AMD FSR 4/Neural Supersampling and Denoising Tech Analysis

FSR 4

FSR 4 Performance Mode with Frame Generation Shown in Call of Duty Black Ops 6 (20:41)

Yesterday, in AMD’s RX 9070 XT launch presentation, they briefly discussed the technological specs of FSR 4 and the nature of its machine learning model.

Question: “Is FSR 4 a transformer model like the new DLSS 4?”

Answer:

Yes and no - it is highly likely to be a novel “transformer lite” type of model that is influenced by the design of transformer models, but retains a convolutional neural network (CNN) backbone similar to DLSS 2, XeSS, and PSSR.

Quotes from AMD’s announcement:

1. “Our new technology leverages a proprietary hybrid model resulting from extensive research across different types and combinations of neural networks and unique training techniques.” (19:30)

This heavily implies that FSR 4 is a transformer-CNN model hybrid that leverages the best parts of each architecture. (Explained later with recent research papers)

Enables image quality close to DLSS 4, although likely not surpassing it.
An improvement from purely CNN based upscaling models like PSSR, XeSS, and even DLSS 3.

2. “... and optimized it [FSR 4] for the new FP8 ML acceleration in RDNA 4.” (19:25)

FSR 4 utilizes enhanced machine learning acceleration not found in RDNA 3 or earlier.

Lower precision floating point data types (FP8) work better for transformer models than integer data types (INT8) do. For CNN models, INT8 is sufficient.

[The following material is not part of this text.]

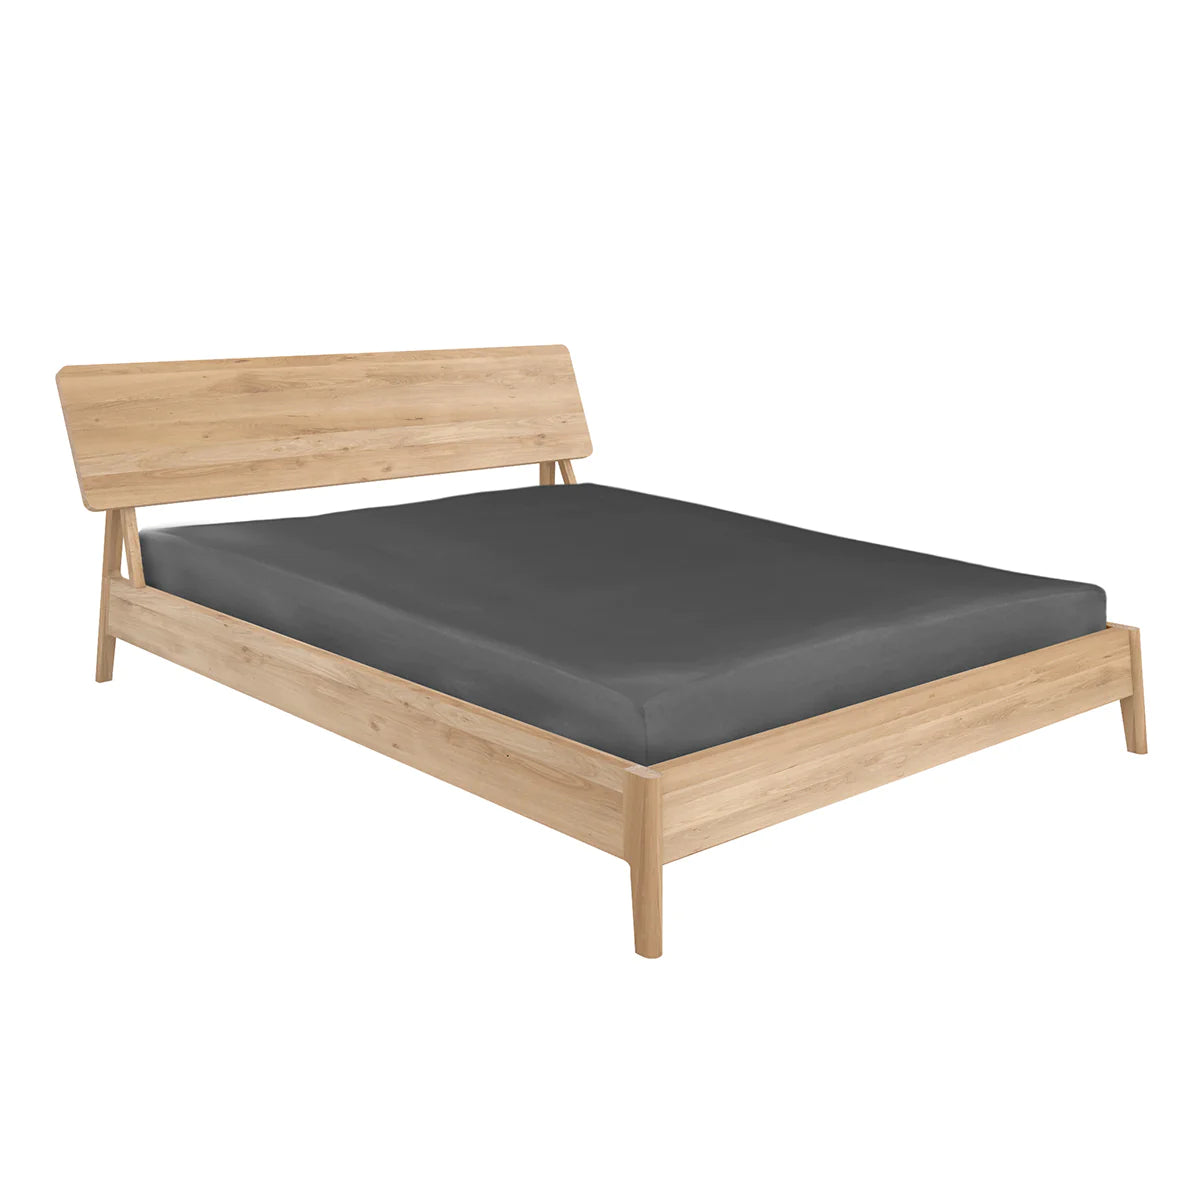 Ethnicraft Oak Air Queen Bed is available from Make Your House A Home, Bendigo, Victoria, Australia

Transformers need granularity in values more than the range in values that INT8 provides.

3. “FSR 4 uses the new FP8 data type in the RDNA 4 architecture to balance quality and performance.” (19:39)

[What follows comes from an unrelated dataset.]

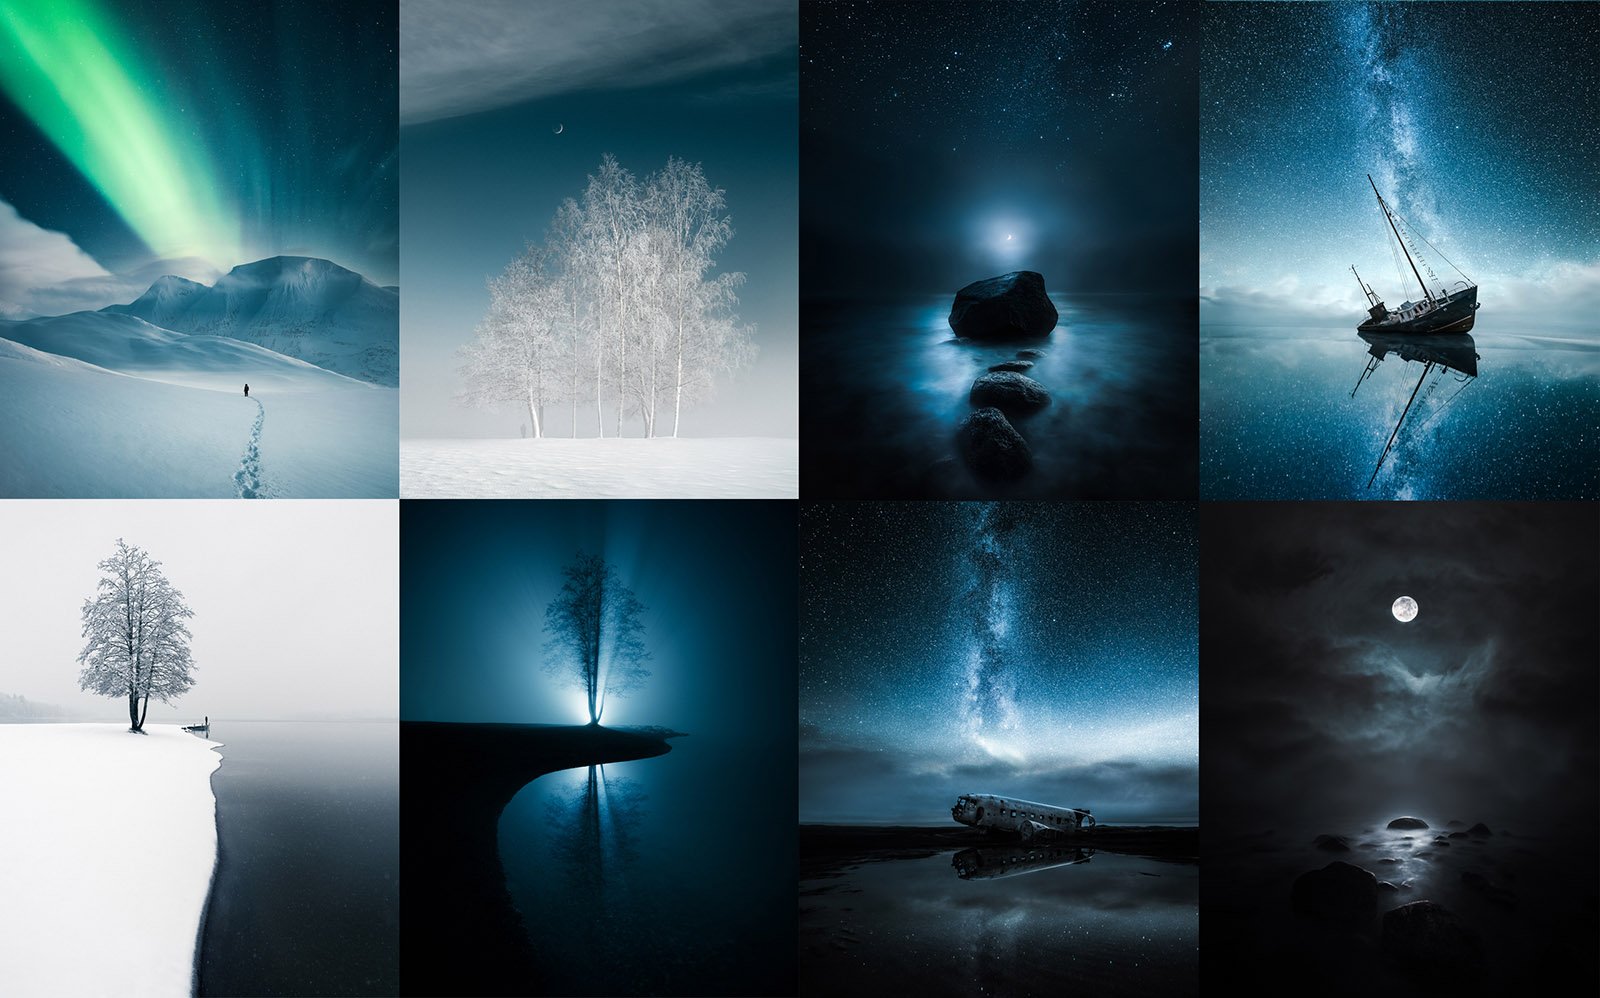 Learn Photography and Post-Processing from Mikko Lagerstedt

Confirms previous points about the need to balance quality and performance leading to a hybrid model.
Confirms utilization of FP8 acceleration new to RDNA 4.

Not directly supported by RDNA 3 (workarounds with much worse performance possible.) source

Evidence:

Recent Research Papers:

“A Simple Transformer-style Network for Lightweight Image Super-resolution”

(2022)

“...recently developed methods are computationally expensive and need much more memory. To solve this issue, we propose a simple Transformer-style network (STSN) for the image super resolution (SR) task. The idea of this method is based on using convolutional modulation (Conv2Former), which is a very simple block with a linearly compared to quadratically as in Transformers.” (yes I know it sounds like it’s missing a word but it’s not)

Analysis:

Hybrid Machine Learning Model: The combination of a Transformer-style structure with CNN components creates a hybrid. It also includes a multi-layer perceptron (MLP), another nod to Transformer architecture, but the reliance on convolutions for feature extraction and attention-like mechanisms ties it to

CNNs. The result is a model that blends Transformer concepts.

Traditional transformer models, while powerful, are computationally heavy due to their self-attention mechanisms, which scale quadratically with input size (O(n²)).

Combines elements of transformer models (attention-inspired blocks and multilayer perceptron) with CNN strengths (local feature extraction via convolutions).

Both local feature extraction (a strength of CNNs) and global context (a strength of transformers) can be beneficial for super resolution. This hybrid approach is tailored to balance these needs while optimizing for speed and memory, which is more important on RDNA cards than RTX cards that have dedicated cores for Ai.

Upscaling often needs some degree of non-local reasoning, like ensuring consistency across distant parts of the image (matching textures on opposite sides of a face). A CNN model alone might miss this broader synthesis.

“Incorporating Transformer Designs into Convolutions for Lightweight Image Super-Resolution”

(2023)

“...we propose a neighborhood attention (NA) module that upgrades the standard convolution with a self-attention mechanism. The NA module efficiently extracts long-range dependencies in a sliding window pattern, thereby achieving similar performance to large convolutional kernels but with fewer parameters.”

Analysis:

By embedding self-attention into a convolutional framework, NA directly incorporates a Transformer design principle (attention) into convolutions.
Embedding attention into convolutions and pairing it with transformer-style long-range modeling combines CNN’s computational efficiency and avoids the complexity of a pure transformer model (complete context of every pixel in the entire frame/previous frames.)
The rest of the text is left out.